Article 8(3) and (4) of the former Patent Act (amended by Act No. 4207 of Jan. 13, 1990)

Reference Cases

A. Supreme Court Decision 84Hu43 delivered on May 28, 1985 (Gong1985,920) 84Hu54 delivered on September 29, 1987 (Gong1987,1646)

Applicant-Appellant

Patent Attorney Doo-si, Counsel for the applicant

Other Party-Appellee

The Commissioner of the Korean Intellectual Property Office

original decision

Korean Intellectual Property Trial Office Decision 90Na1853 dated November 30, 1991

Text

The original adjudication shall be reversed.

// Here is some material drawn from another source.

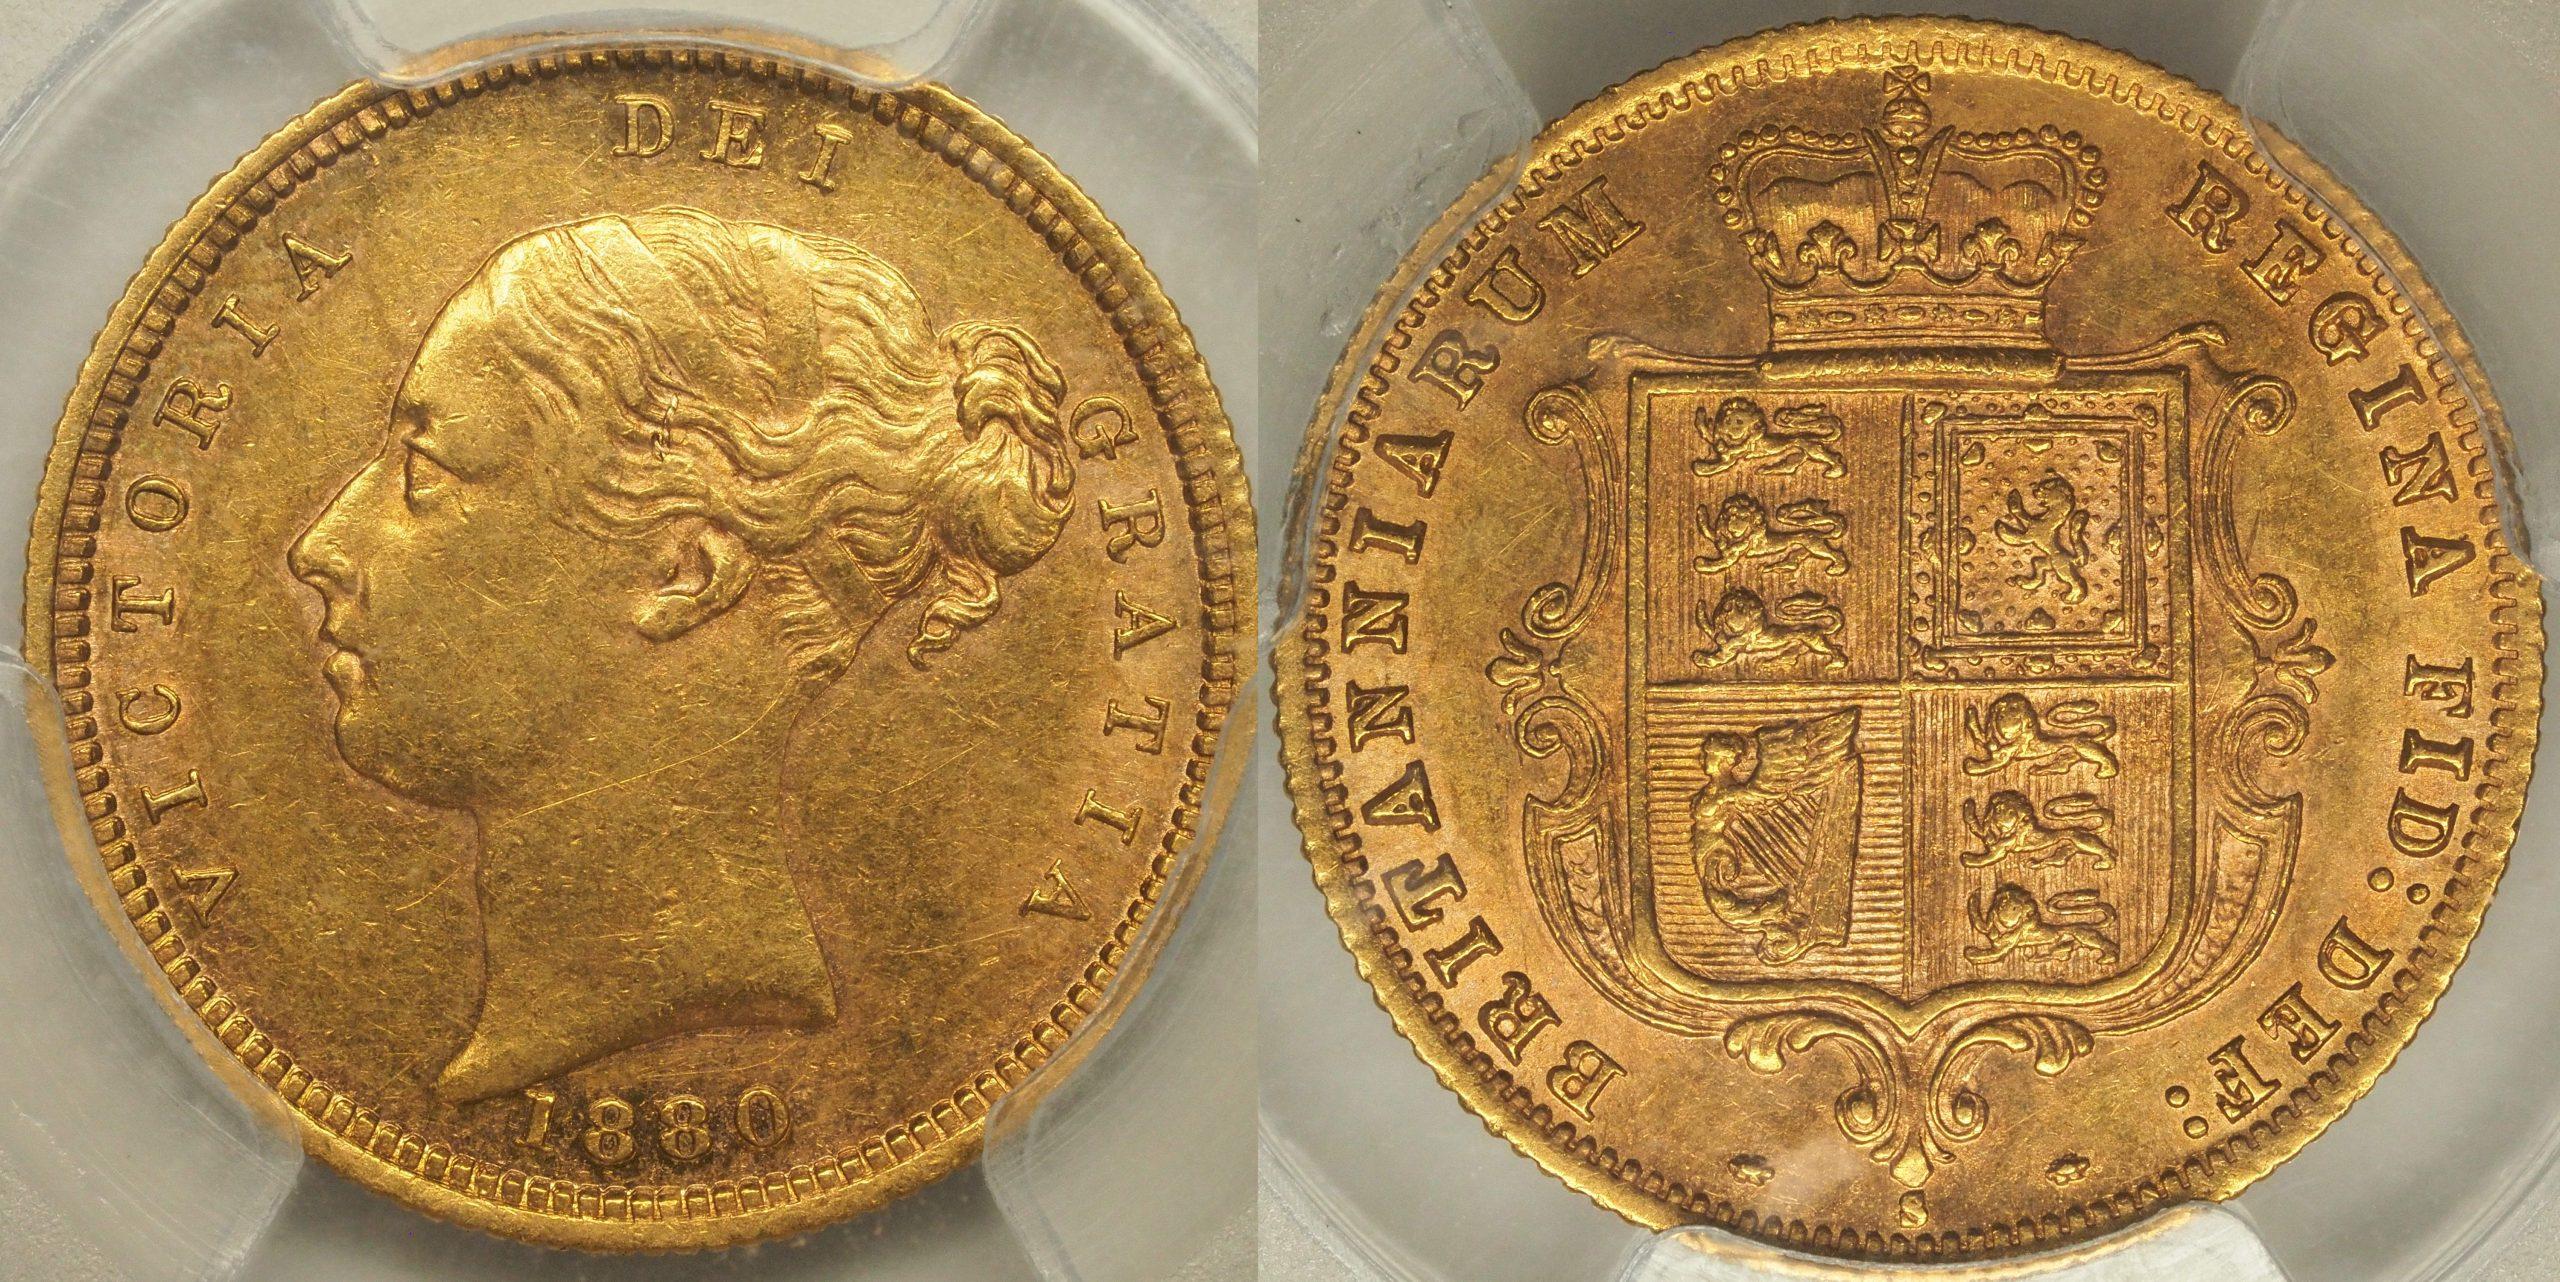 Australia 1880 Sydney Half Sovereign PCGS AU53
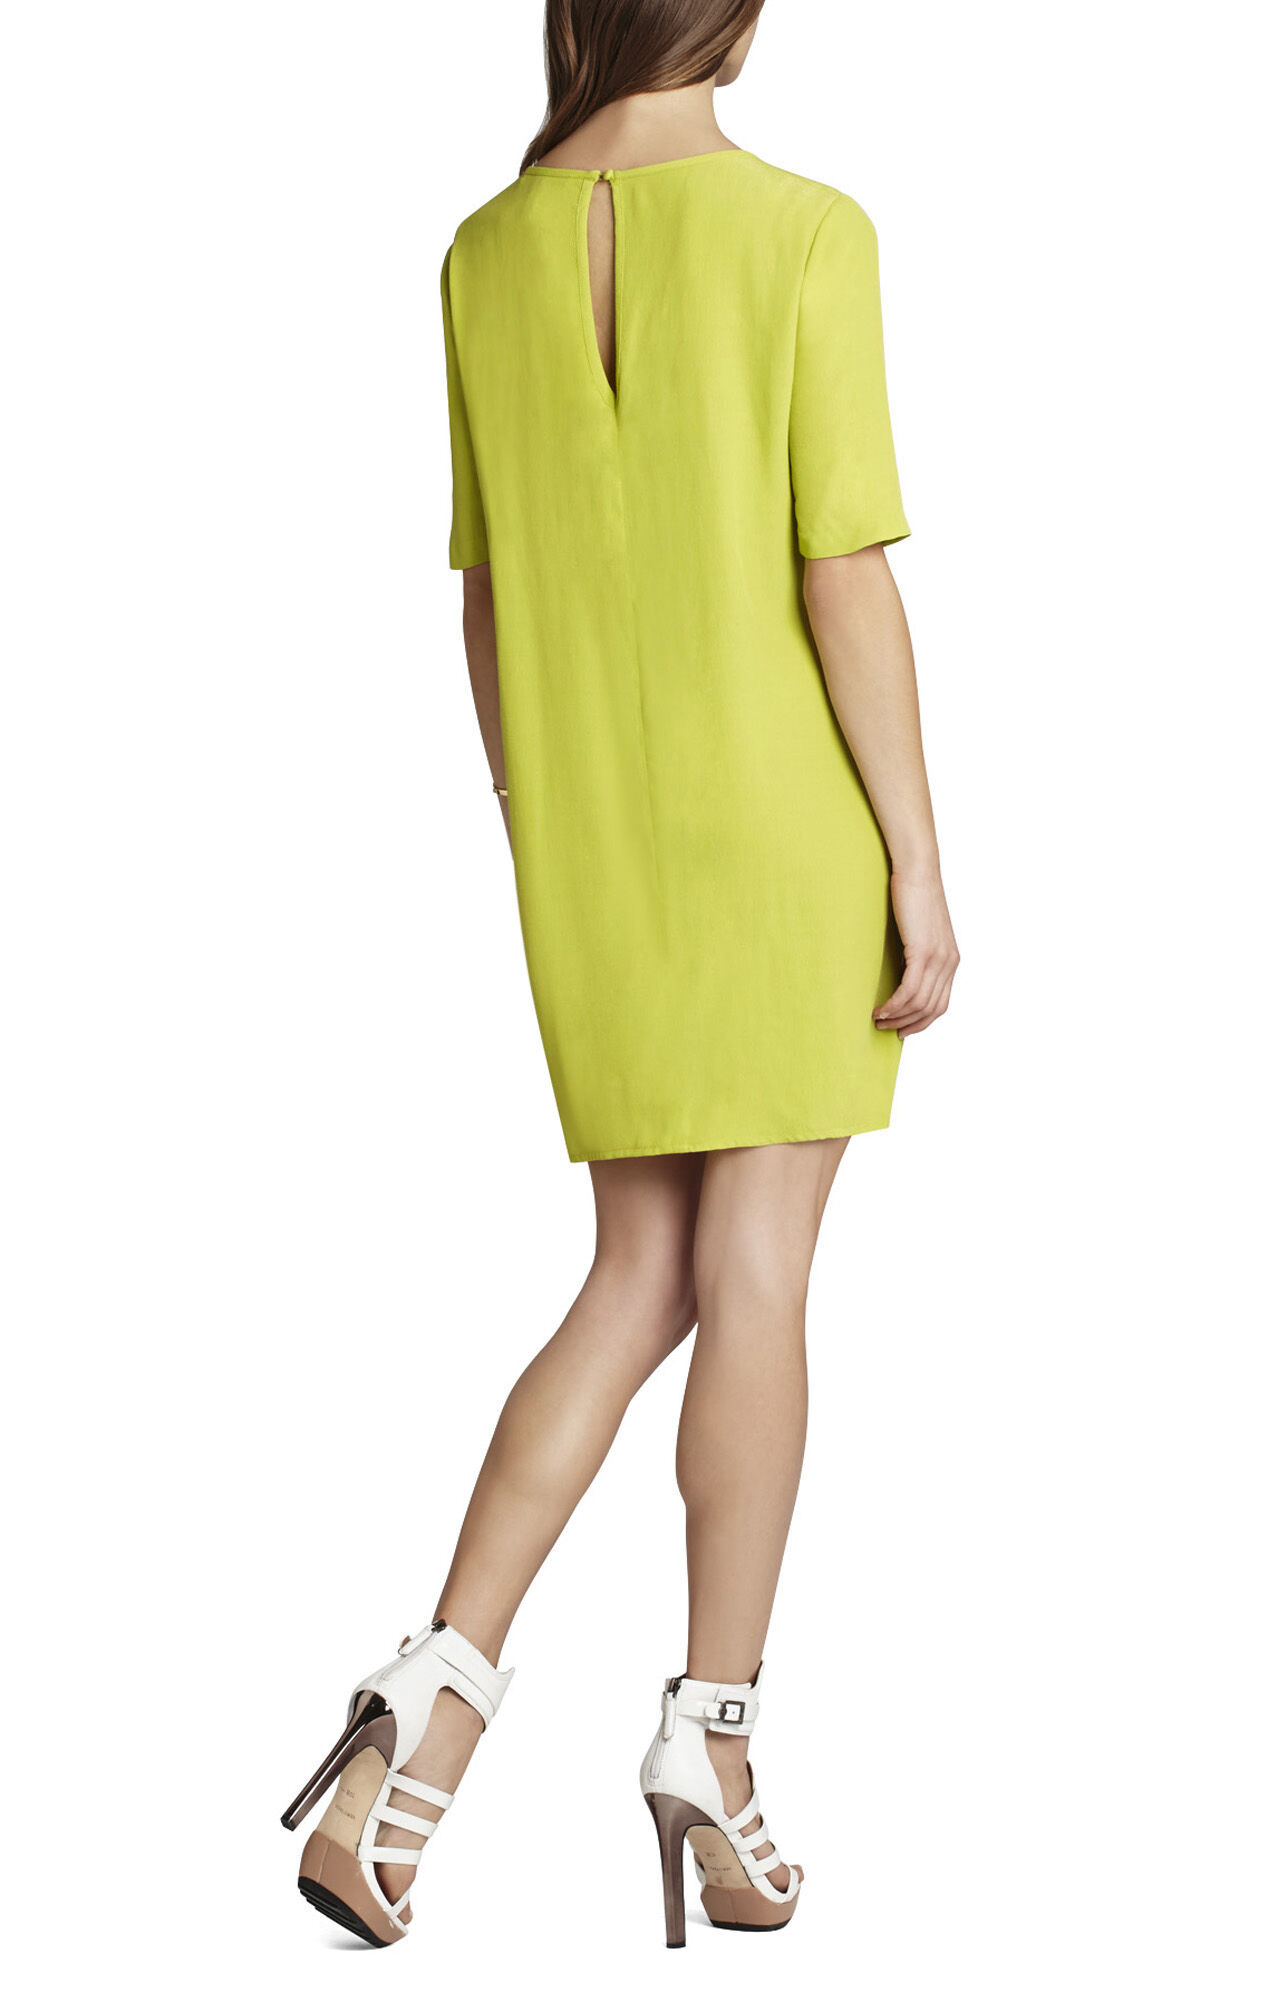 Rosetta Dress With Cutouts

The case shall be remanded to the Korean Intellectual Property Office Appeal Office.

Reasons

The grounds of appeal by the applicant's attorney are examined.

1. Of the detailed text matter in the patent application specification of the original invention of this case filed on December 8, 1987 and rendered a ruling of November 16, 1990, the lower court determined that: (a) the composition and operation of the first (33) and the tape division (34) (36) (the tape division) are installed; and (b) the second (71) is written in the Rod (72) (the Rod’s Rod’s Rod’s Rod’s Rod’s Rod’s Rod’s Ro (73) (74), the organization and operation connected to the Rod’s Rod’s Rod’s Rod’s Rod’s Rod’s Rod’s Rod’s Rod’s Rod’s Rod’s Rod’s Rod’s Rod’s Rod’s 333) are unclear and insufficient to indicate the composition of the drawings.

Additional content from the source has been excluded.